Park in Western San Francisco known for hosting the Stern Grove Festival

Sigmund Stern Recreation Grove, locally called Stern Grove, is a 33 acre recreational site located on the West Side of the city of San Francisco California USA in the Parkside District. It is administered by the city's Recreation and Parks Department and is the concert setting for the Stern Grove Festival, which has taken place annually since 1938.

==History ==

The site, along Sloat Boulevard between 19th and 34th Avenues about two miles (3 km) south of the Golden Gate Park, was donated to the city in 1931 by Rosalie Meyer Stern. She was the daughter of Marc Eugene Meyer, who named the park for her late husband Sigmund Stern, a philanthropist, nephew of Levi Strauss, and son of David Stern.

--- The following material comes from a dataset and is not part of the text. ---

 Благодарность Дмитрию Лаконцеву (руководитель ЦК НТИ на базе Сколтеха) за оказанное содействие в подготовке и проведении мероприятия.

The original Stern Grove landscaping and facilities were built by the Works Progress Administration. It consists of several park sections including the Concert Meadow, the West Meadow, and Pine Lake Park. The grove's Pine Lake is one of three natural lakes in the city of San Francisco. In 2005, Stern Grove underwent a $15 million renovation, designed by landscape architect Lawrence Halprin. New features included drainage improvements and erosion control, an expanded outdoor stage and performance facilities, and terraces and additional bleacher-style seating, built of stone walls, along the slope opposite the stage.

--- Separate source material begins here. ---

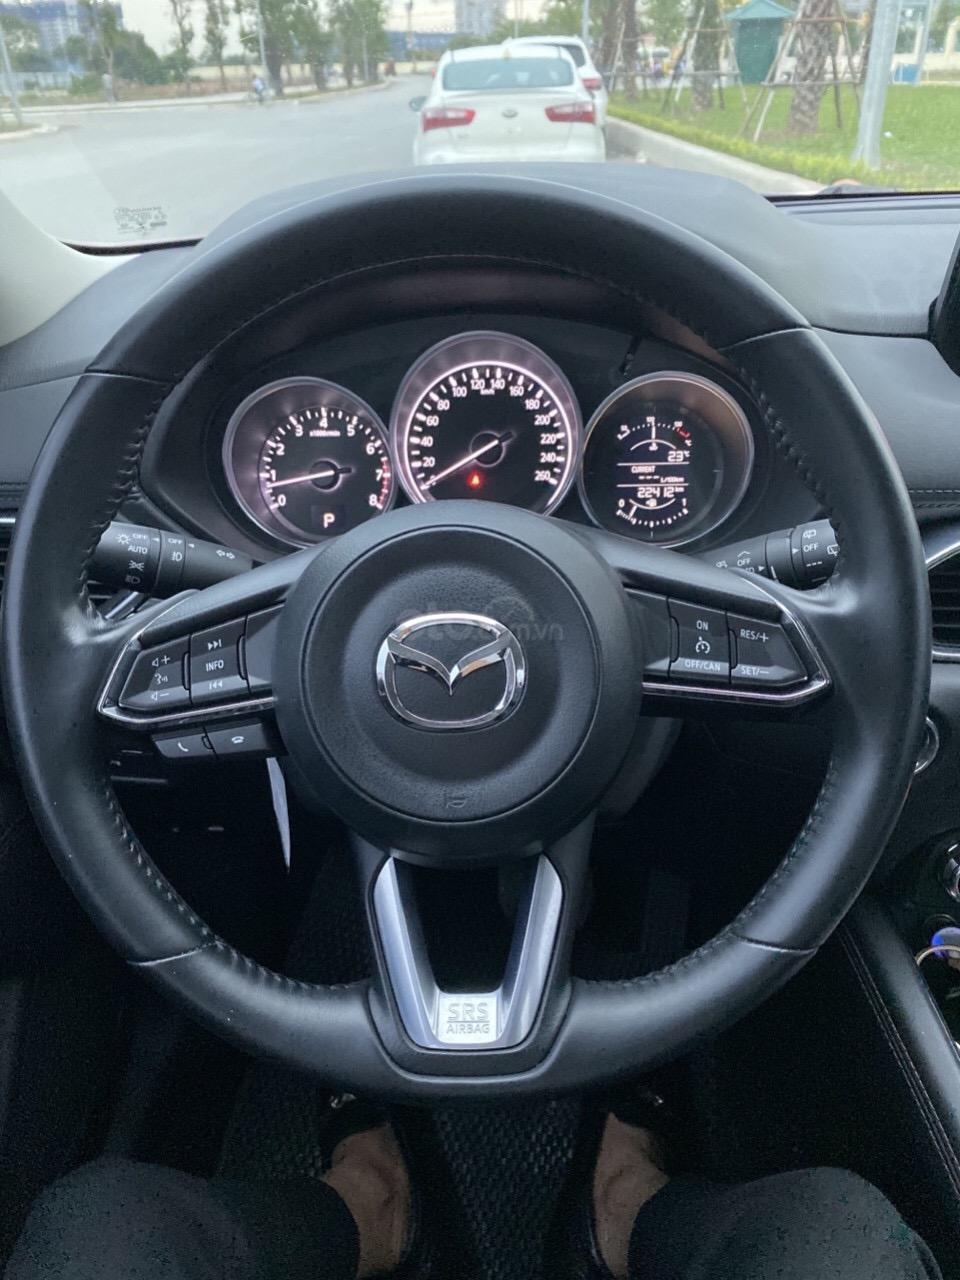 Cần bán xe Mazda CX 5 2.0 năm sản xuất 2018, màu xanh lam (10)

Since 1932, the Stern Grove Music Festival has presented weekly concerts and performances in the outdoor amphitheater during the summer months. Supported entirely by contributions, the concerts have always been free to the public. Crowds have often exceeded 20,000 people.

In early 2023, a clubhouse known as the Trocadero House was destroyed due to a tree falling on it. Later, the Parks and Recreation department sent repair crews to repair the damaged house. It was restored and reopened in 2025.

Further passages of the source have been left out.